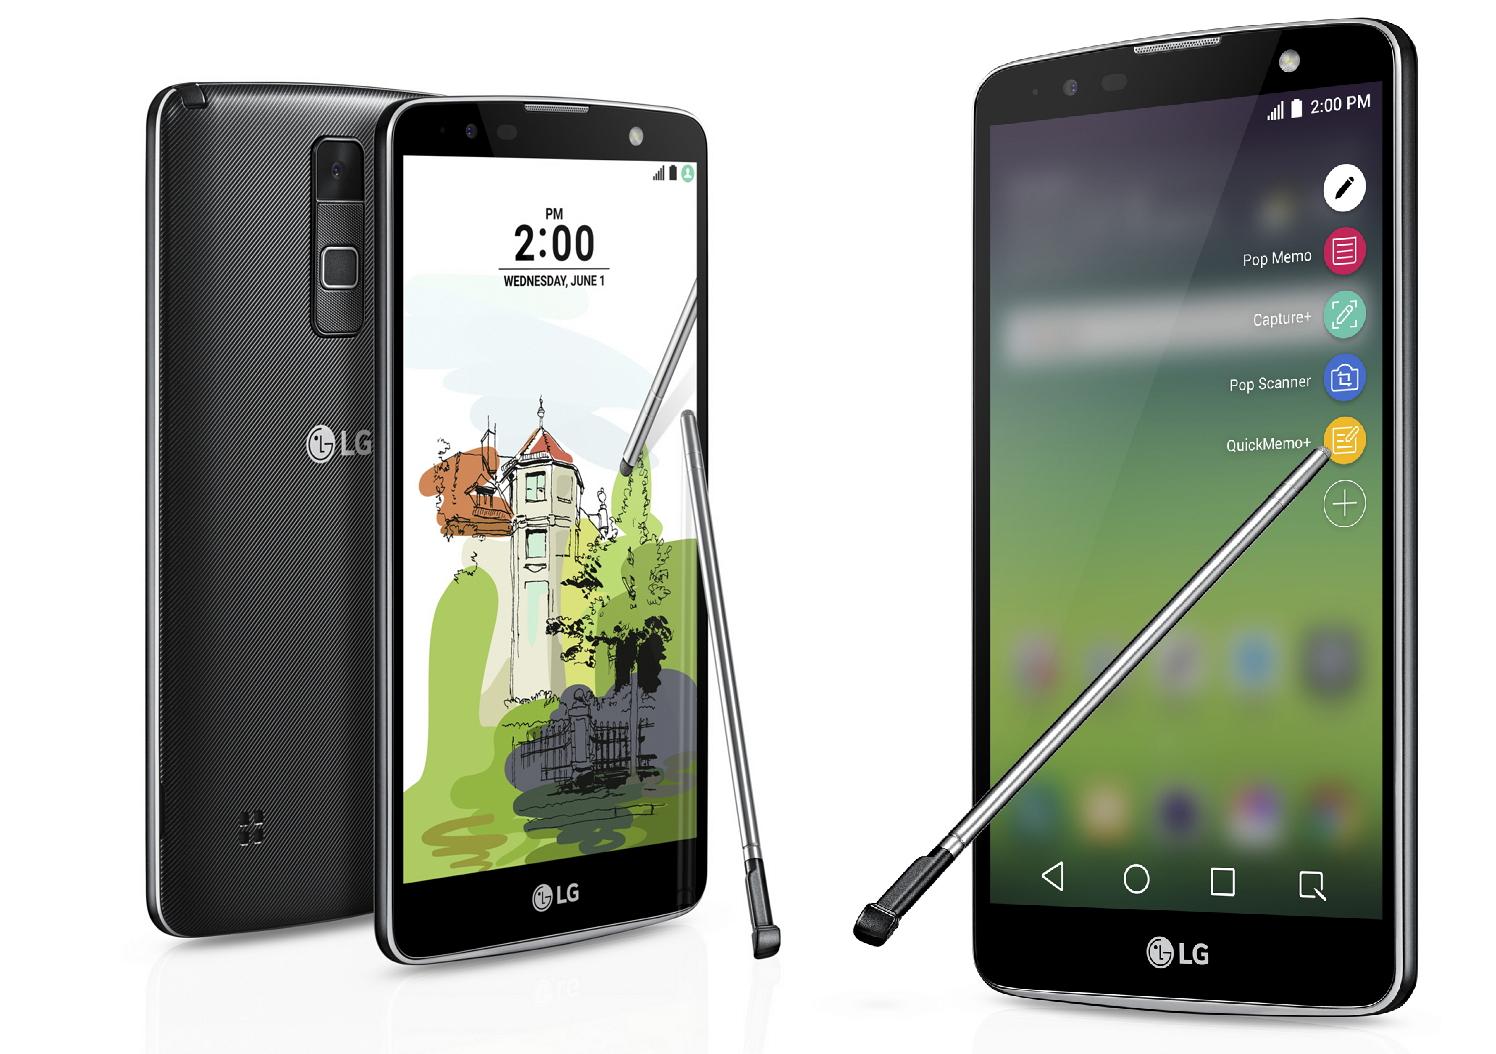 LG Stylus 02 Plus
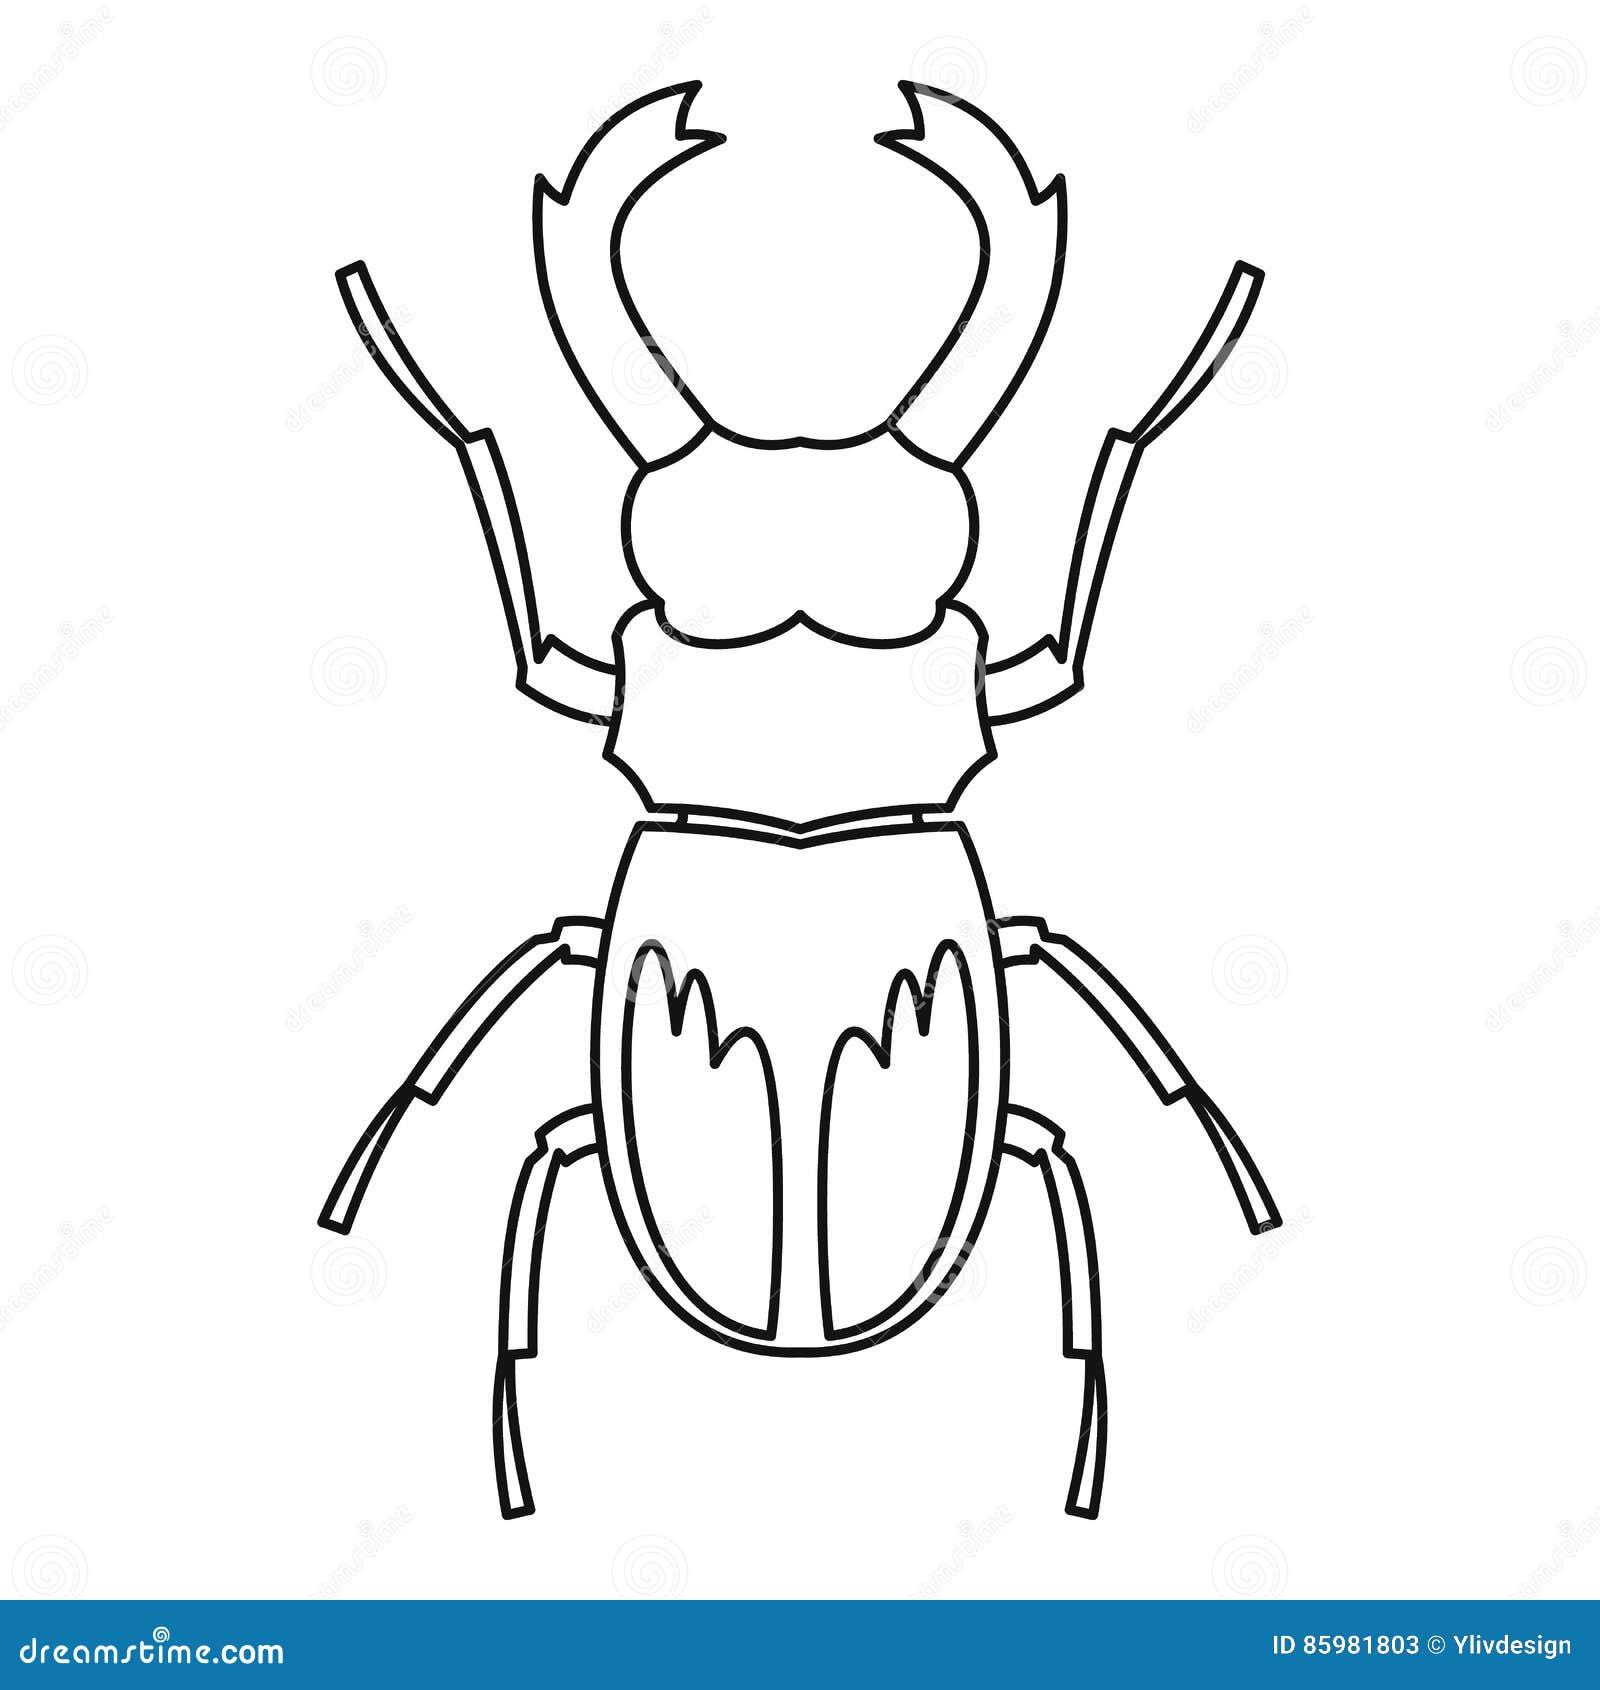 rhinoceros beetle icon outline style stock vector illustration of Praying Mantis rhinoceros beetle icon outline style
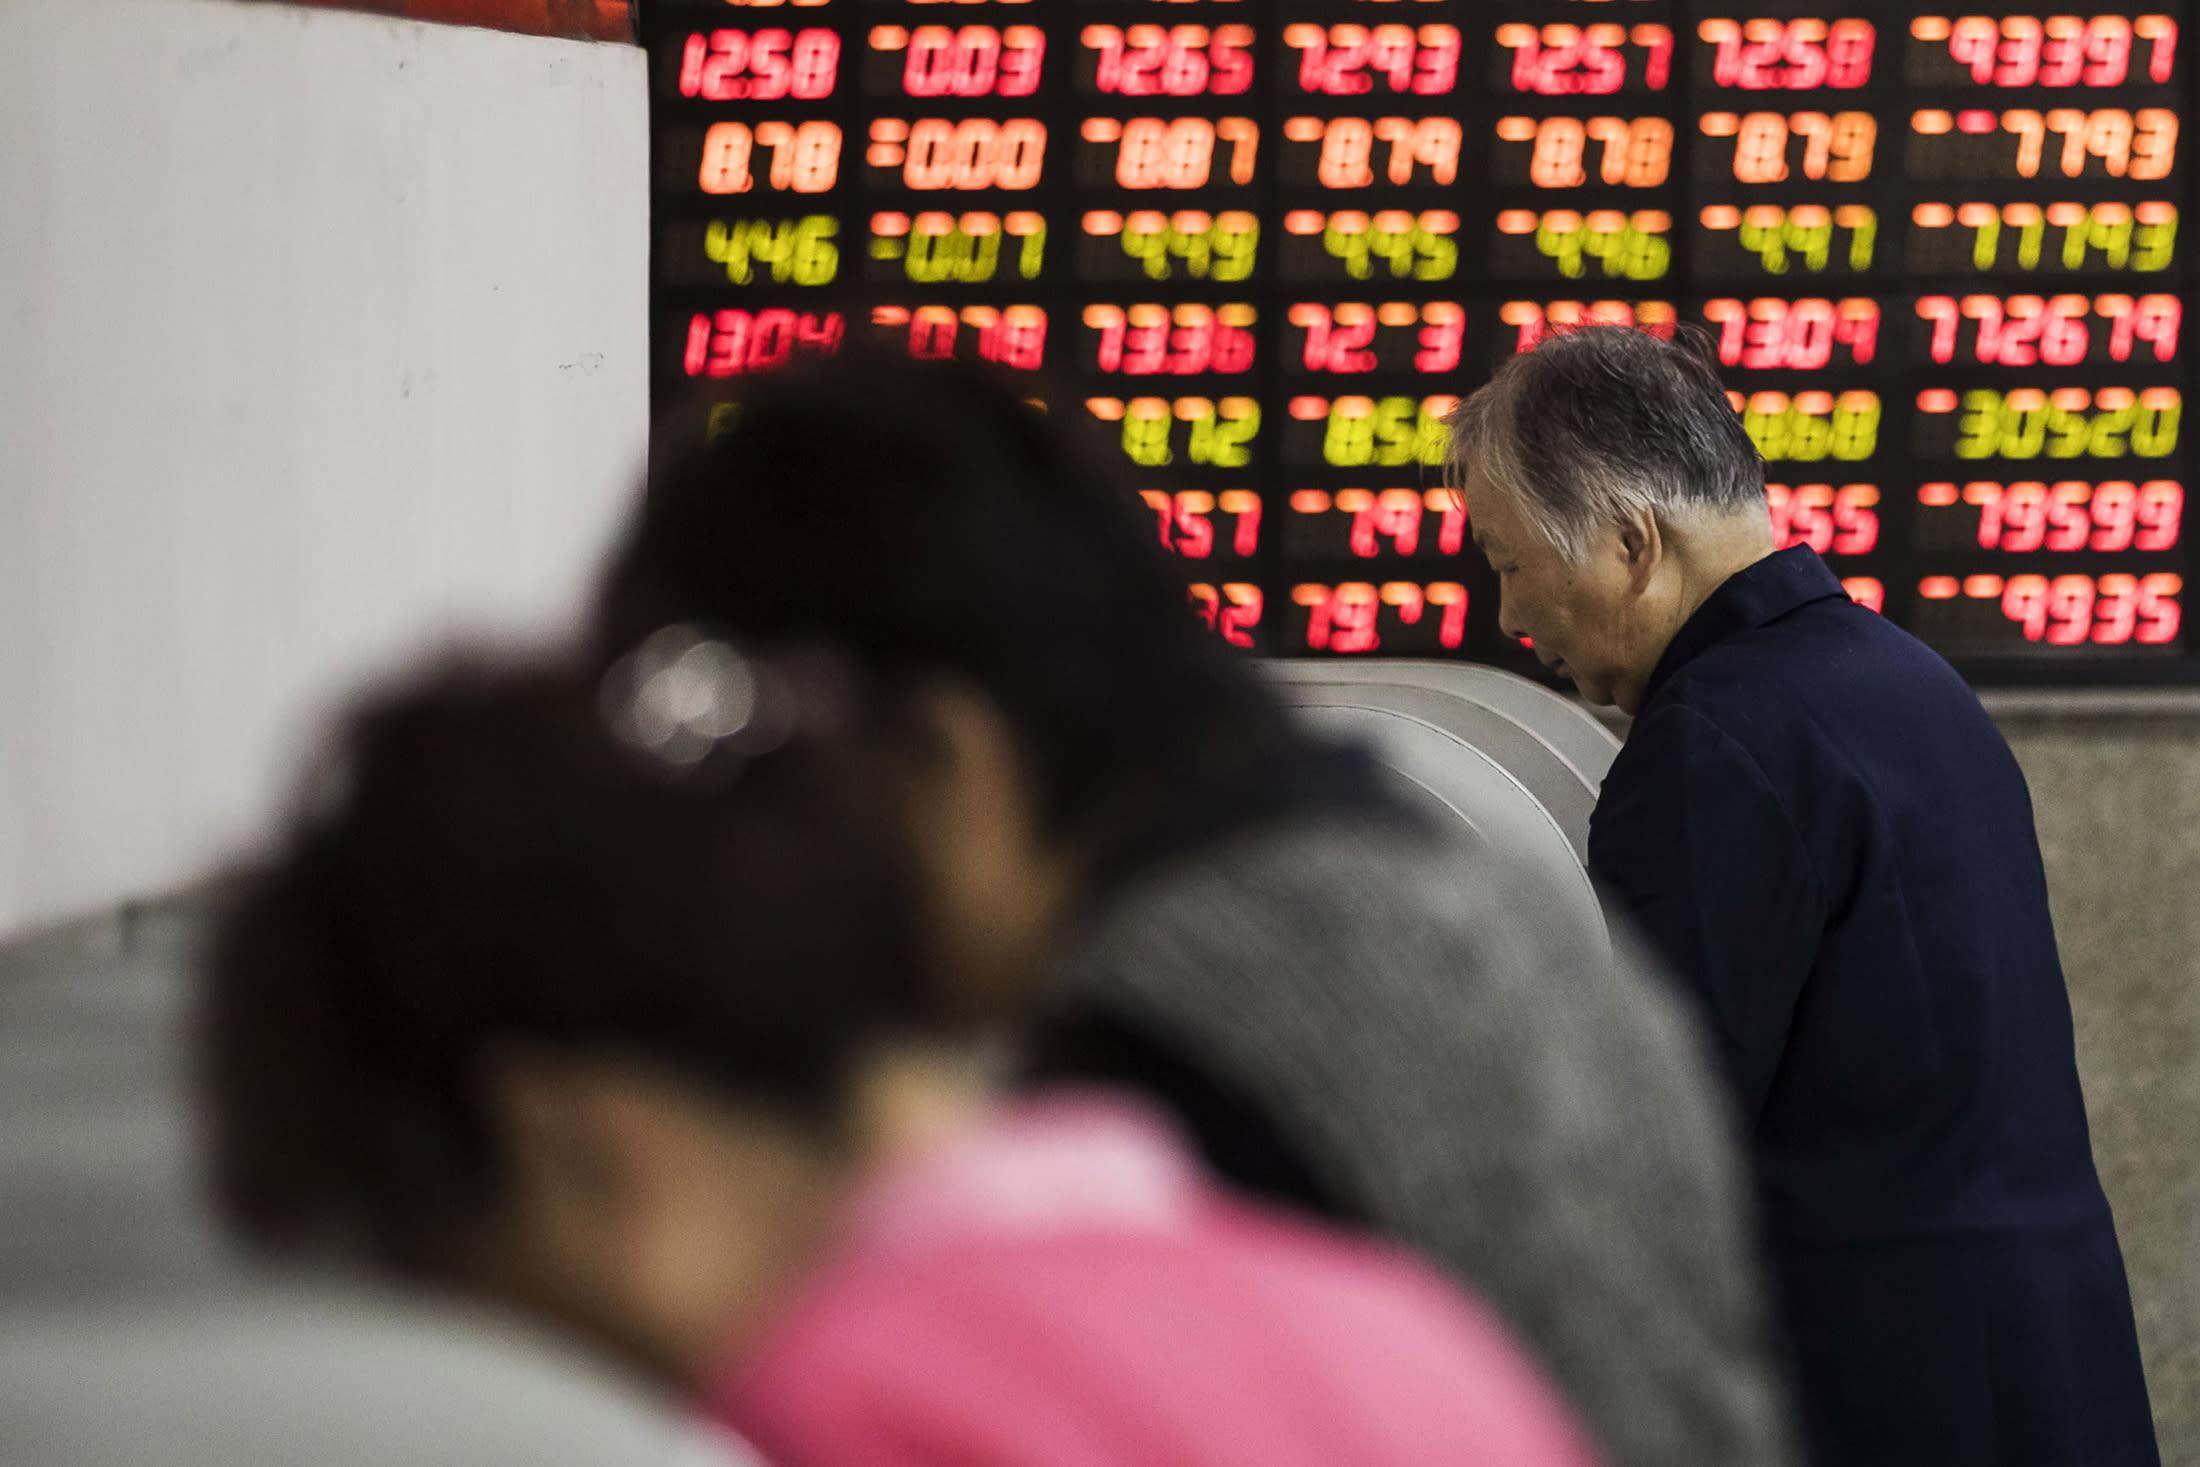 Bonds Rally, Stocks Struggle as Traders Await Fed: Markets Wrap

• _TASK DESCRIPTION_: Would you transcribe all of the data exactly, omitting any pictures?

• _THE ANSWER_:
 LG Stylus 02 Plus
 rhinoceros beetle icon outline style stock vector illustration of Praying Mantis rhinoceros beetle icon outline style
 Bonds Rally, Stocks Struggle as Traders Await Fed: Markets Wrap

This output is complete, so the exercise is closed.